Terrorists are also using bot networks (botnets) frequently to attack websites. For example, someone could digitally hold a company and its website ransom, forcing them to send money or else the virus writer would start a distributed denial of service attack. Some computer terrorists have networks of hundreds of thousands of computers, making the attacks powerful enough to take down even the largest corporate servers.

The last weapon in the attacker's arsenal is the rootkit - a technique used to hide the malicious code in an infected computer so that no software can see them. There are many techniques available to attackers which can hide files and other components of viruses. Many of these techniques have been discovered and counter-attacks have been created by antivirus companies, but, as always, the virus writers are one step ahead and have many ways to combat even the most powerful antivirus and antirootkit software. Some months ago, users started reporting about a rootkit infection that was totally unknown to antivirus companies. This threat is still emerging and evolving and is still widely undetected. On the following pages, we are going to analyze this infection in detail.

In May, 2006, users started to report some strange behavior in Windows: strange crashes at boot up, unusual reports of antivirus software reporting heuristic detections of files they couldn't clean, and odd files appearing on the hard drive. Italian users reported the URLs of suspicious websites. When users visited these websites, their CPUs spiked abnormally high and their systems slowed down.

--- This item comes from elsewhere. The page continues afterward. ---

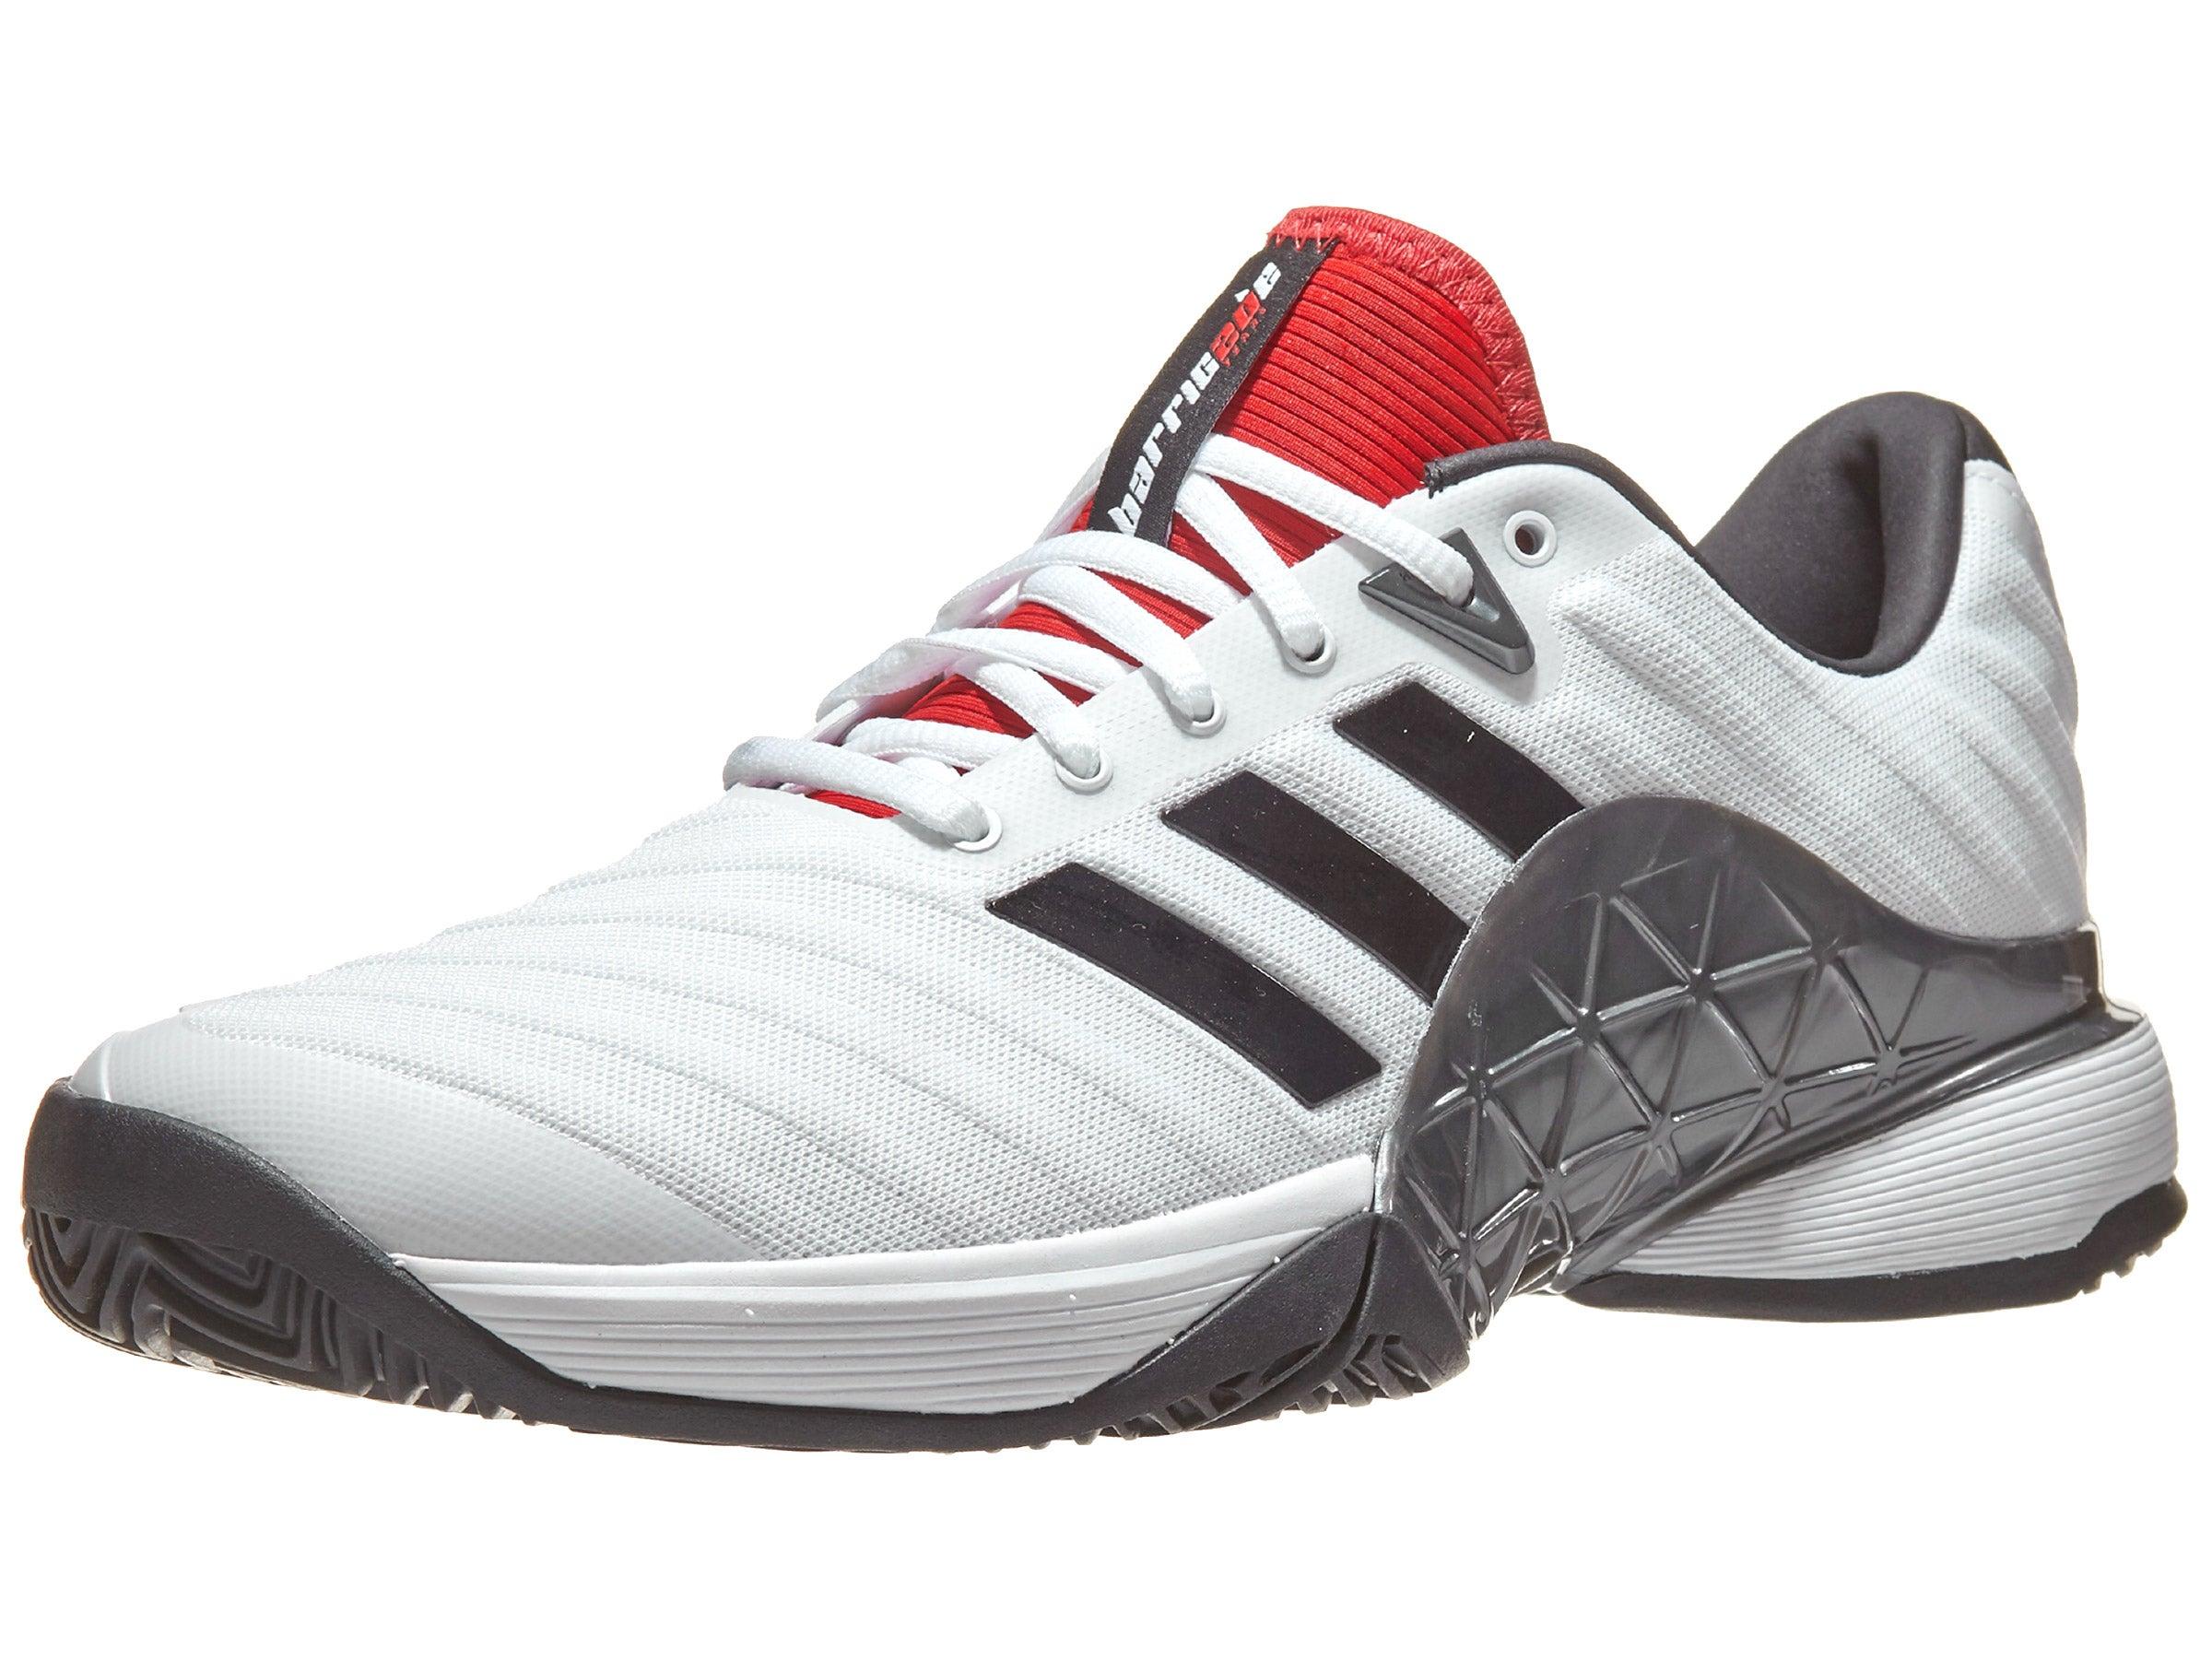 The Best Pickleball Shoes for Men: adidas Barricade 2018 tennis shoe

After these first signs, people reported infections of rootkits on their computers, discovered by some rootkit scanners. Removing this infection, on the other hand, would turn out to be much more difficult than expected. In August 2006, three months later, this infection is still spreading widely - not only in Italy, but to other countries as well. No security company has released an update for their engine or found a solution which totally removes the

In the following pages, we will deeply analyze the infection to better understand how it works. All of the information stated in this document has been taken from myself, the web, and other researchers around the world. For information on contributors and sources, I have included a complete list at the end of the document.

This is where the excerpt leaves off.